Jerome has developed an abstract and collaborative painting form called Action Black. This ongoing body of work explores how living moments are captured and expressed in abstract painting. In the first of three stages, glossy black paint is applied to vinyl floorboards.
The painted floorboards are then exposed to different experiences, including fashion shows, performances and protests. In 2020, marking the Windrush anniversary, Jerome wheeled the floorboards from Windrush Square in Brixton, past Brixton Market and Tate Britain en route to Parliament Square. Having joined a Black Lives Matter protest and spoken to members of the public, inviting them to express their thoughts as daubing’s on the mobile, painted surface. In this way, stories, responses, and ultimately energy, were gathered:
'There are no limitations to the types of experiences the installation can be put through … In this way the work is a sort of metaphor for the complexities and richness I feel when I think about what it means to exist as a Black person.'
—Jerome
In the final, transformative, stage of Jerome’s process, the paint is stripped from the floorboards and used as a medium in the abstract Action Black compositions, of which People Who Believe, 2024, is a striking example.
Jerome (b. 1991, London) lives and works in London.

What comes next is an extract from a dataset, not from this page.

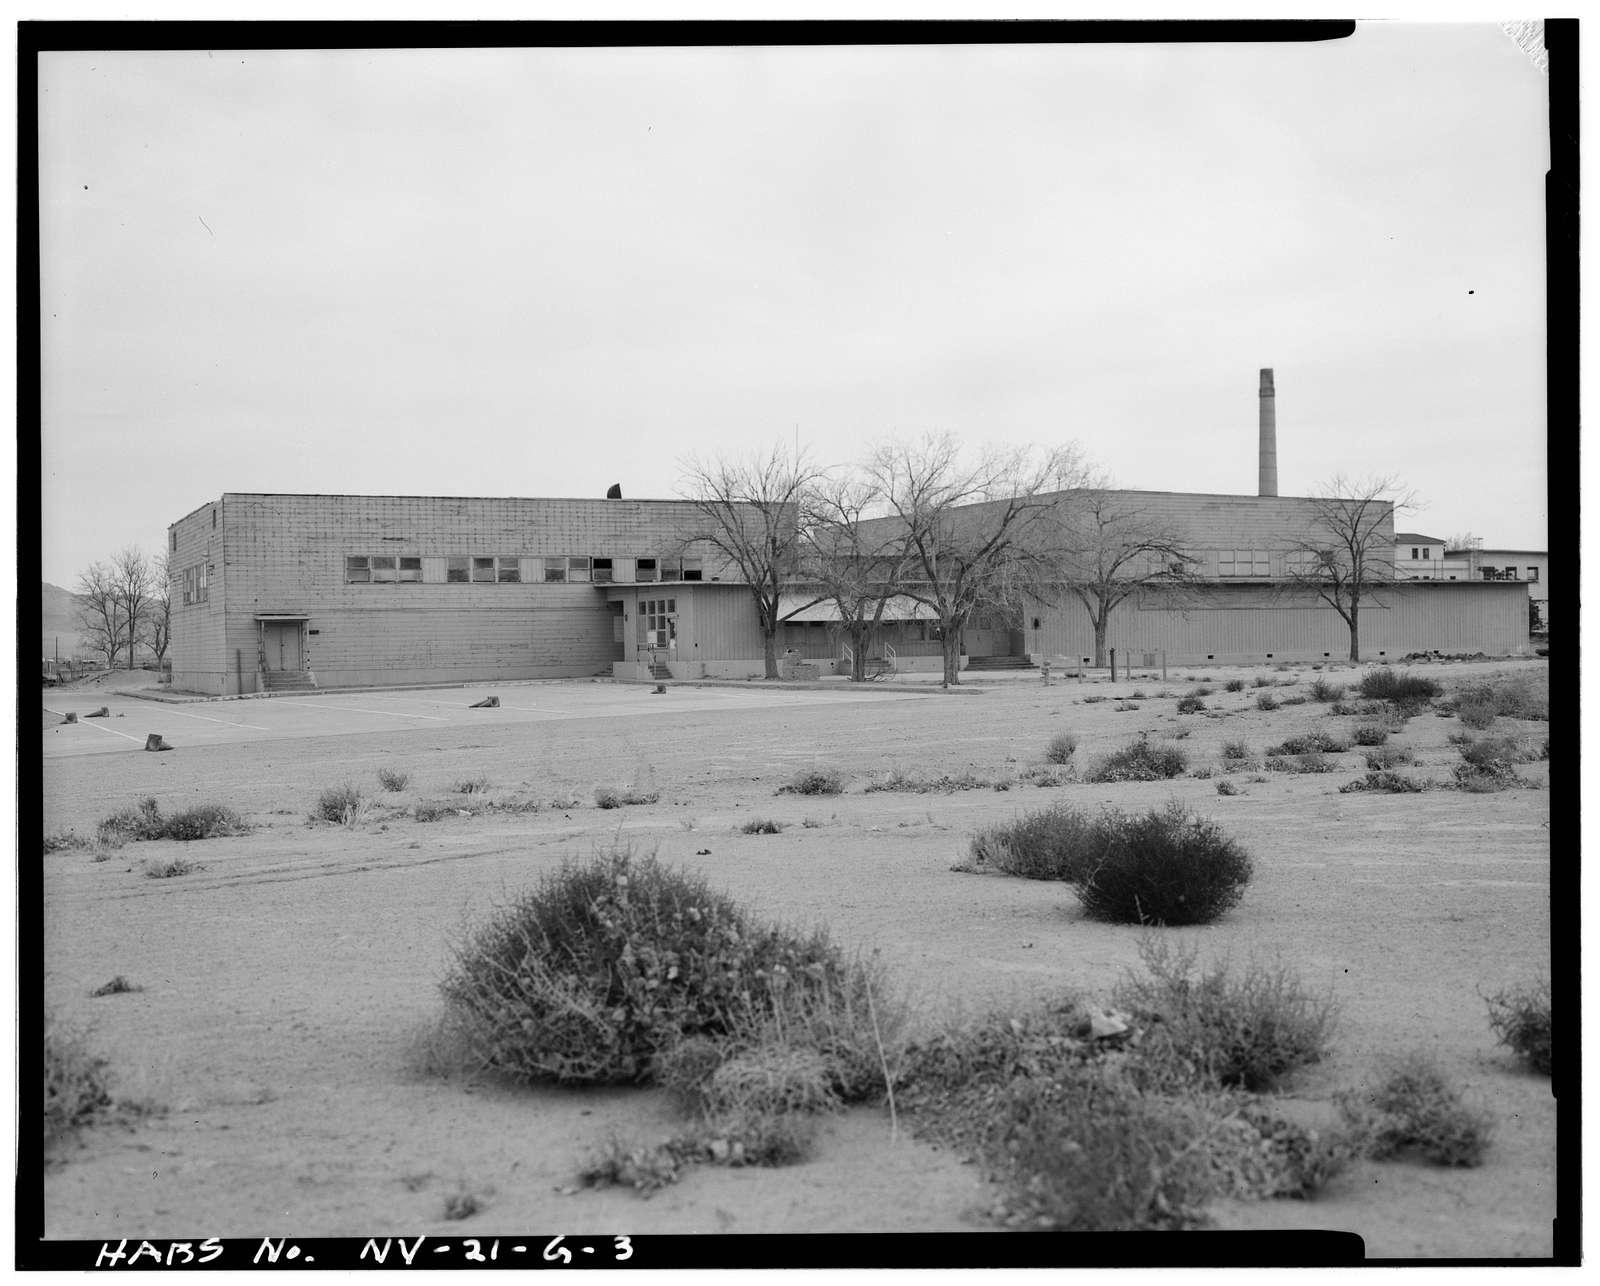 Hawthorne Naval Ammunition Depot, Gymnasium, North Main Avenue, Industrial Area, Hawthorne Army Ammunition Plant, Hawthorne, Mineral County, NV

Jerome graduated from the Royal College of Art in 2019. Selected exhibitions include Man Like, Harlesden High Street Gallery, London, 2024; Beyond Boundaries, Guts Gallery, London, 2023; Minor Attractions, Niru Ratnam, London, 2023; Life Is More Important than Art, Whitechapel Gallery, London, 2023; Memory of Architecture, Filet Space, London, 2022; Ghost-Like Traces, Unit 1 Gallery, London, 2022; Precarious Straits, TOMA, Southend, 2021; Play and the Post-Peak, The Factory, London, 2021 and Rubens to Sickert: The study of Drawing, Reading Museum, Reading, 2020. Jerome is Vice Chair of a-n The Artist Information Company.